He said some of Ukraine’s partners had suggested Kyiv might reduce its long-range attacks on Russian oil installations. Mr Zelensky also said Ukraine would consider a ceasefire arrangement in the eastern part of the country.

Elsewhere, relations between Russia and the UK deteriorated further after Moscow ordered the expulsion of a British diplomat on espionage allegations.

Britain rejected the claims as “completely unacceptable” and said it would not accept threats or intimidation directed at embassy personnel or their families.

Russia’s Federal Security Service, or FSB, alleged that the diplomat, identified as Albertus Gerhardus Janse van Rensburg, had carried out intelligence-gathering and subversive work that endangered Russian security.

The FSB also cautioned Russian citizens that maintaining contact with British diplomats could bring severe consequences.

As the war in Ukraine grinds on, the Kremlin has increasingly cast Britain as one of its principal opponents, accusing UK intelligence agencies of intensifying spying operations in what it portrays as a return to Cold War-style confrontation.

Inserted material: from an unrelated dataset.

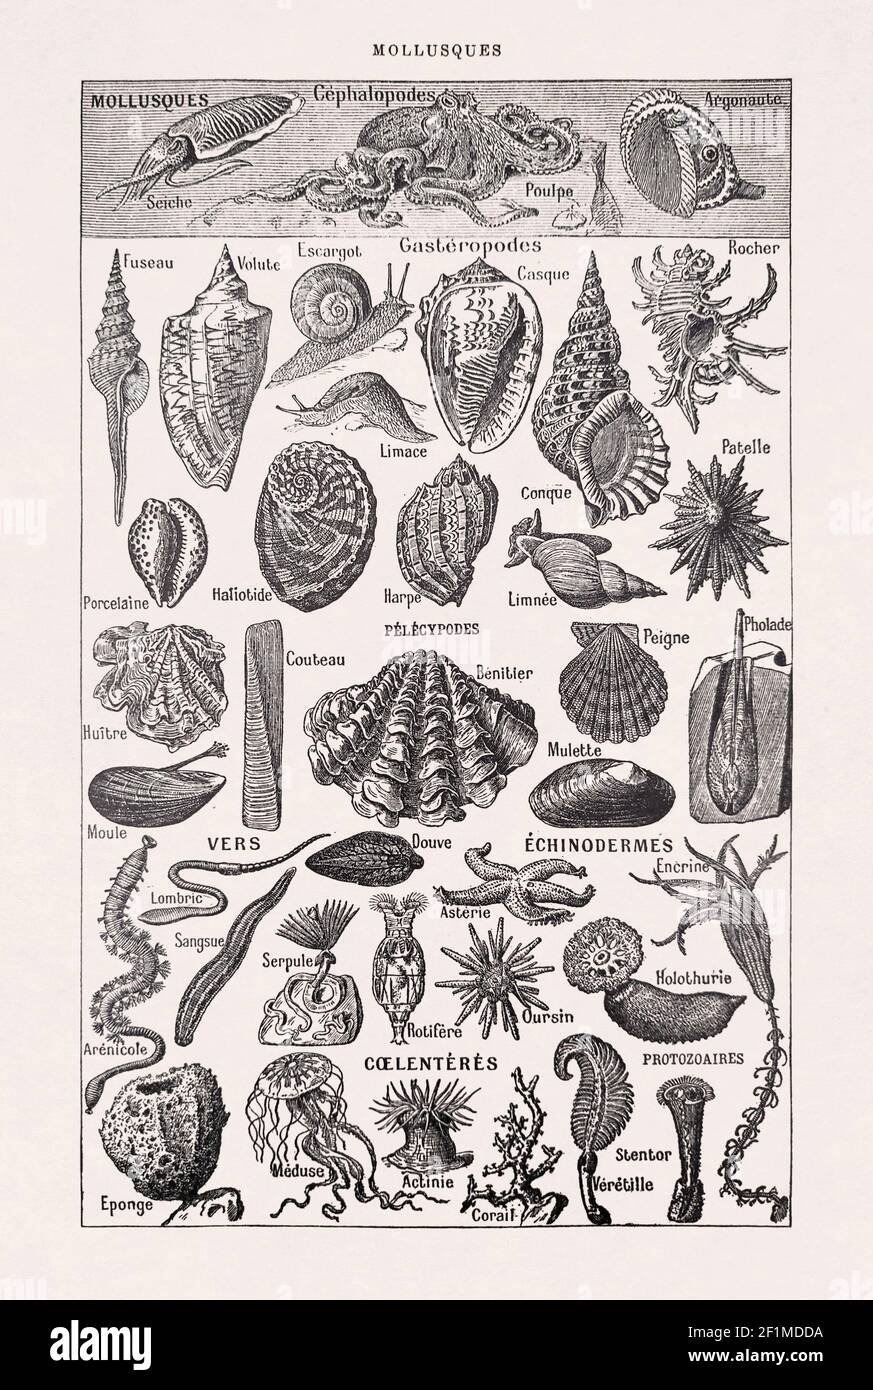 Ancienne illustration de la vie marine (mollusques, vers, échinodermes, coelentérats et infusoria) par Millot & Demoulin dans le dictionnaire français 'dict Banque D'Images
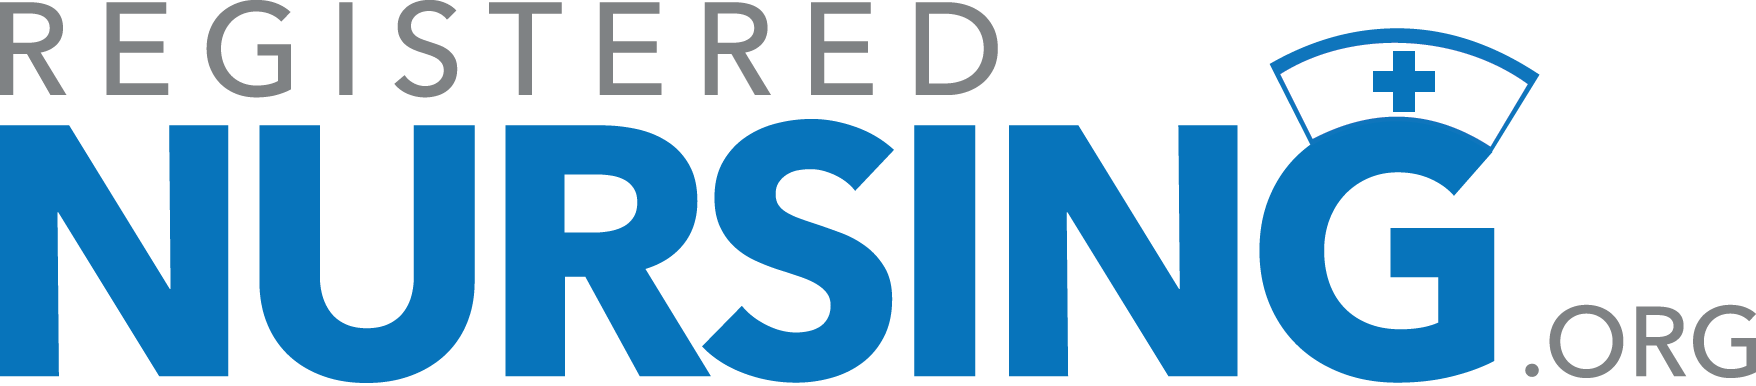 registered nursing org logo

On the front line, Russian state media said Russian troops had captured the villages of Novoosynove and Luhivske in eastern Ukraine. Those claims could not be independently verified.

In another incident, Ukraine said it had issued an apology to Finland after two drones came down in the country over the weekend.

Foreign Ministry spokesman Georgiy Tykhy said the aircraft had most likely been pushed off course by Russian electronic warfare systems and were not deliberately sent into Finnish territory.